Even in Paris, they’re recycling

Don’t miss the New York Times’ Cathy Horyn talking to Karl Lagerfeld and writing about the Paris couture shows today. Things is tough all over, and as she reports, Christian Lacroix’s collection (see it on style.com here) was a lot like what you wore to your first black tie event the year after you graduated to college — that is, borrowed, recycled, and somewhat magically pieced together with whatever you found on your floor, and in the back of your roommate’s closet.
It’s oddly comforting and somehow exciting to think about the once opulent European couture houses rethinking their materials and focusing on waste and sustainability.
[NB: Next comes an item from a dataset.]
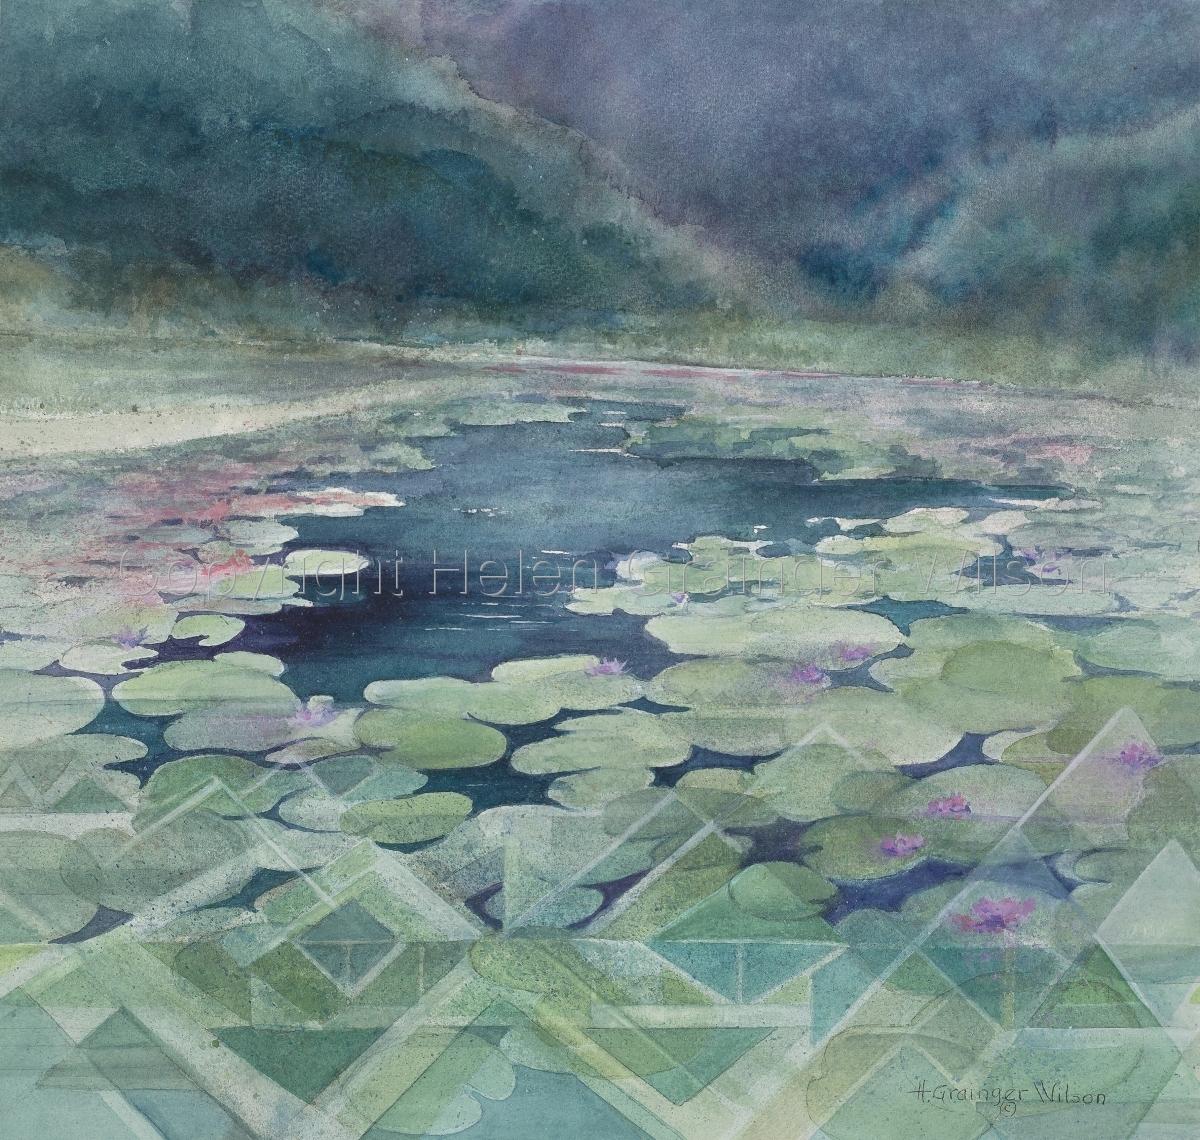 Coeur d'Alene Waterlilies by Helen Grainger Wilson (large view)

It all brings me back, once again, to the Theatre de la Mode exhibit that—and this part never ceases to puzzle and please me—resides at the Maryhill Museum in Goldendale, Washington. Click here and then scroll down to read about it, and don’t miss the audio tour. If you’re traveling to the Columbia River Gorge area this summer, you really should plan to visit the museum and learn about the post-WWII miniature couture pieces and the potential that fashion has to rev up an exhausted economy. (And besides all that, the museum is a wonderfully historic place out in the middle of just about nowhere, and the Maryhill Overlook outdoor sculpture piece is pretty amazing.)
[The image here, one of the most simple and beautiful I’ve seen in a while, is from a NYT slide show that accompanies the above linked couture report and was taken at the Lacroix show.]